In kyoto, May is the month for Aoi Matsuri (葵祭, Aoi Festival), one of the three famous festivals in Kyoto, along with the other two, namely Jidai Matsuri (時代祭り, Festival of the Ages) and Gion Matsuri (祇園祭). It is said that, in the Heian (平安) period during which Genji Monogatari (源氏物語, The tale of Genji) was written, Aoi Matsuri was the most popular one in Kyoto.
The main character of the festival is Saioh-dai (斎王代) starred by an unmarried young lady selected from the public. The job title Saioh (斎王) is the head of shrine maiden of Ise Jingu (伊勢神宮) shrine or Kamo (賀茂) shrine, and is selected from the royal family princesses. The kanji character "代” means a substitute, hence, Saioh-dai literally means the representative of Saioh.

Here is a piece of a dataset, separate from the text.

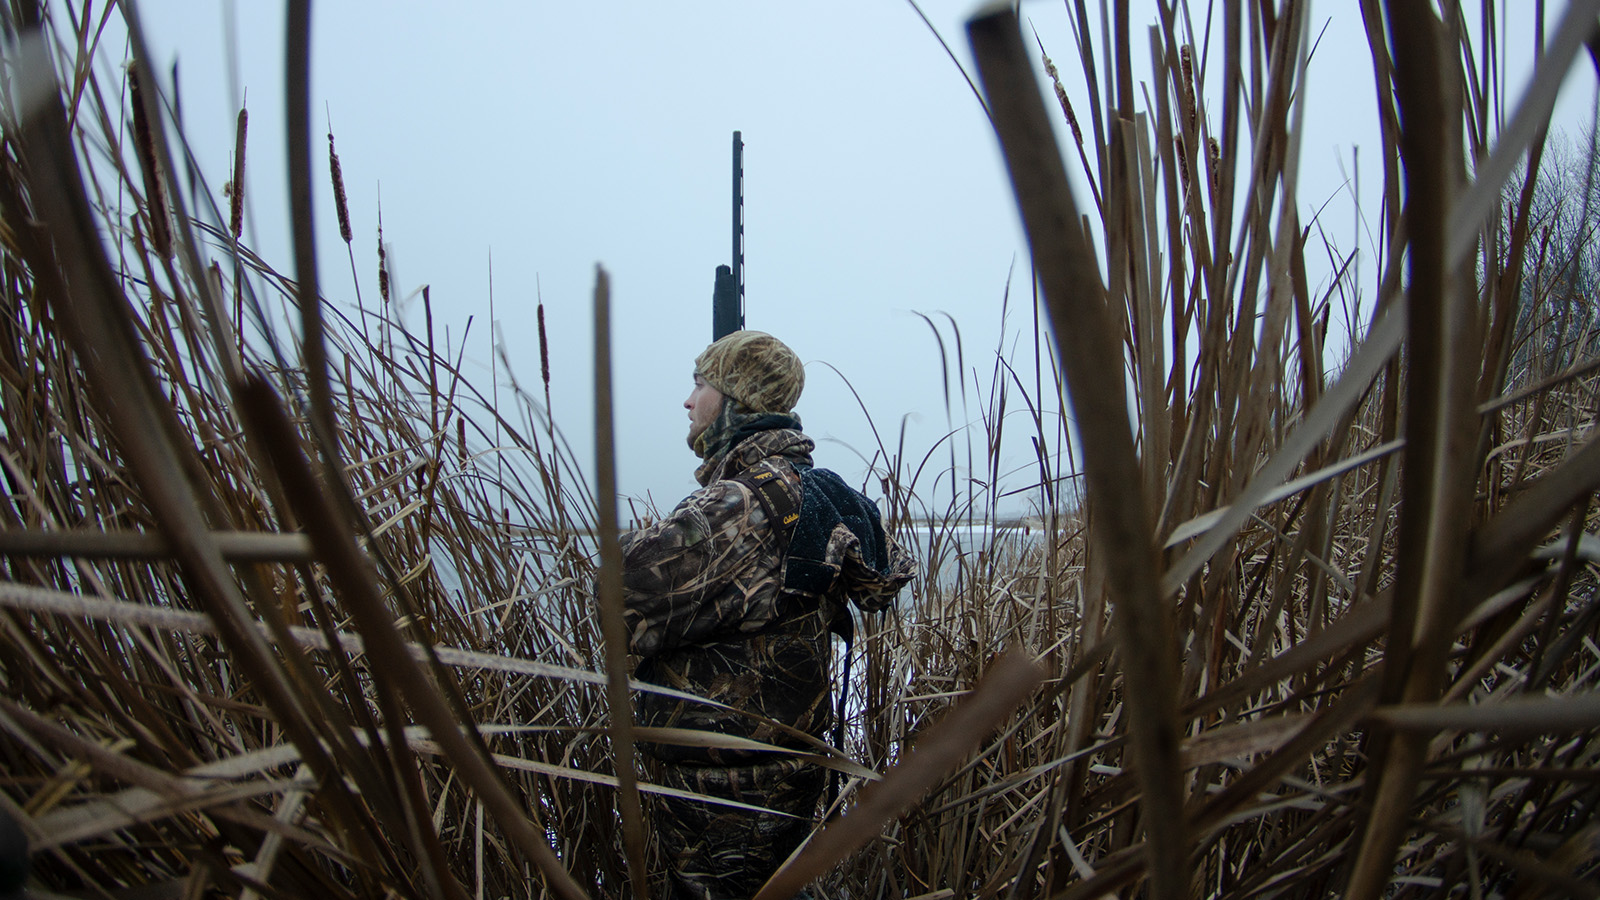 Waterfowl hunter in the cattails

Since Saioh is a princess, her attire for the festival parade is a very gorgeous and most formal set of Kimono called Jyunihitoe (十二単衣, twelve layered Kimono), whose official name is Itsutsuginu Karaginumo (五衣唐衣裳). A very complicated sound even for a Japanese. The gross weight of the attire is about 44 pounds and it's almost impossible to move around in it. However, in the Heian period, there must have been no problem because the Heian noble men and women had many servants enough to do everything for them. Some people say, the old Jyunihitoe were not so heavy like that of today.

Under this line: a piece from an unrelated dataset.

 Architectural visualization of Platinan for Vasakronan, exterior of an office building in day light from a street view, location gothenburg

The most interesting thing for me is its dressing technique. The required items for dressing Jyunihitoe are two pieces of string only. The string is pulled out after the next layer is worn so that no other item is required.
I guess people in the Heian period valued the beauty of the color gradation of the twelve layer, than the beauty of each individual Kimono which creates the layer. It was great fun for me to view the spectacle of Aoi Matsuri parade, especially the attire of Saioh-dai in that kind of point of view.